The topology optimization process yielded a flow channel distribution resembling biological structures, such as leaf veins, which facilitate efficient fluid pathways. This design maximizes surface area for heat exchange while minimizing flow resistance. The mathematical formulation of the optimization problem ensured a balance between heat transfer and pressure drop, with weight factors set to 0.5 for each objective.
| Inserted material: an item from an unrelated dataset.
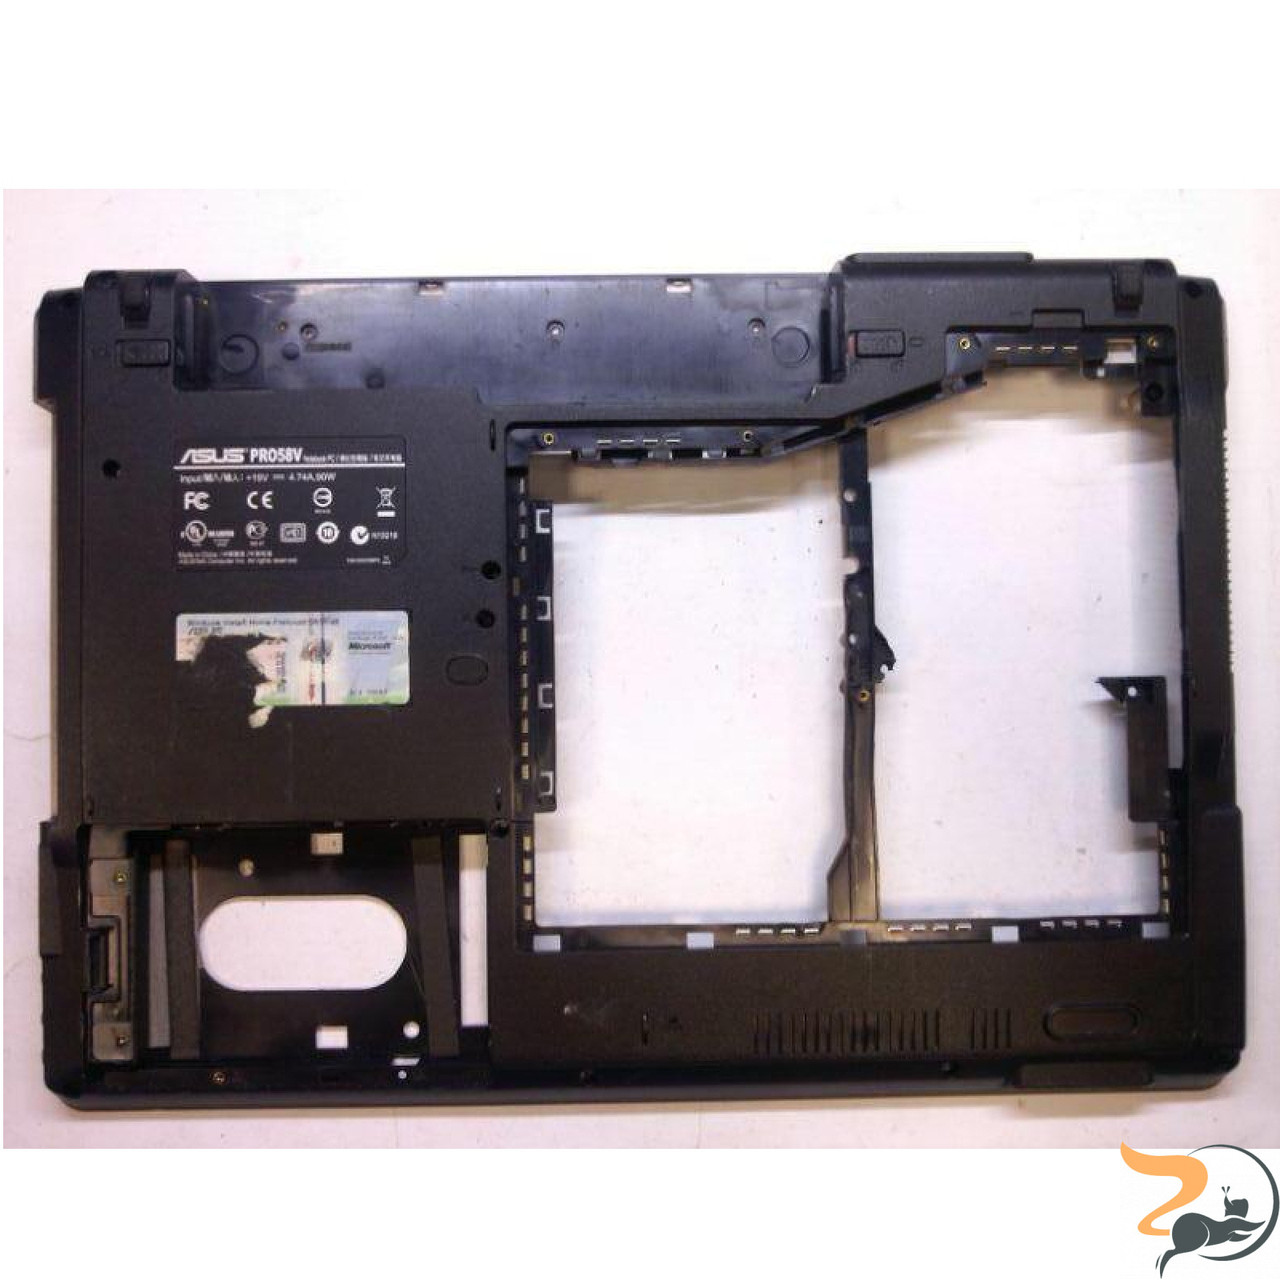 Нижня частина корпуса для ноутбука Asus PRO58V, 13GNED10P15X, Б/В

The resultant channel layout features multiple branches that distribute coolant evenly, enhancing thermal performance compared to conventional straight channels. This innovation is particularly relevant for the evolving demands of China EV markets, where high-performance and energy-efficient solutions are prioritized.
In conclusion, the application of topology optimization to liquid cooling plates for electric vehicle battery packs offers substantial benefits in thermal management and energy savings. The optimized design achieves lower maximum temperatures, higher cooling rates, improved temperature uniformity, and reduced pressure drops, addressing key challenges in battery operation. These advancements support the sustainable growth of the electric vehicle industry, especially in regions like China EV, by enhancing battery reliability and efficiency. Future work could explore adaptive optimization under dynamic operating conditions or integration with phase change materials for further improvements. This research underscores the potential of advanced engineering methods to drive innovation in electric vehicle technologies, contributing to a greener and more efficient transportation future.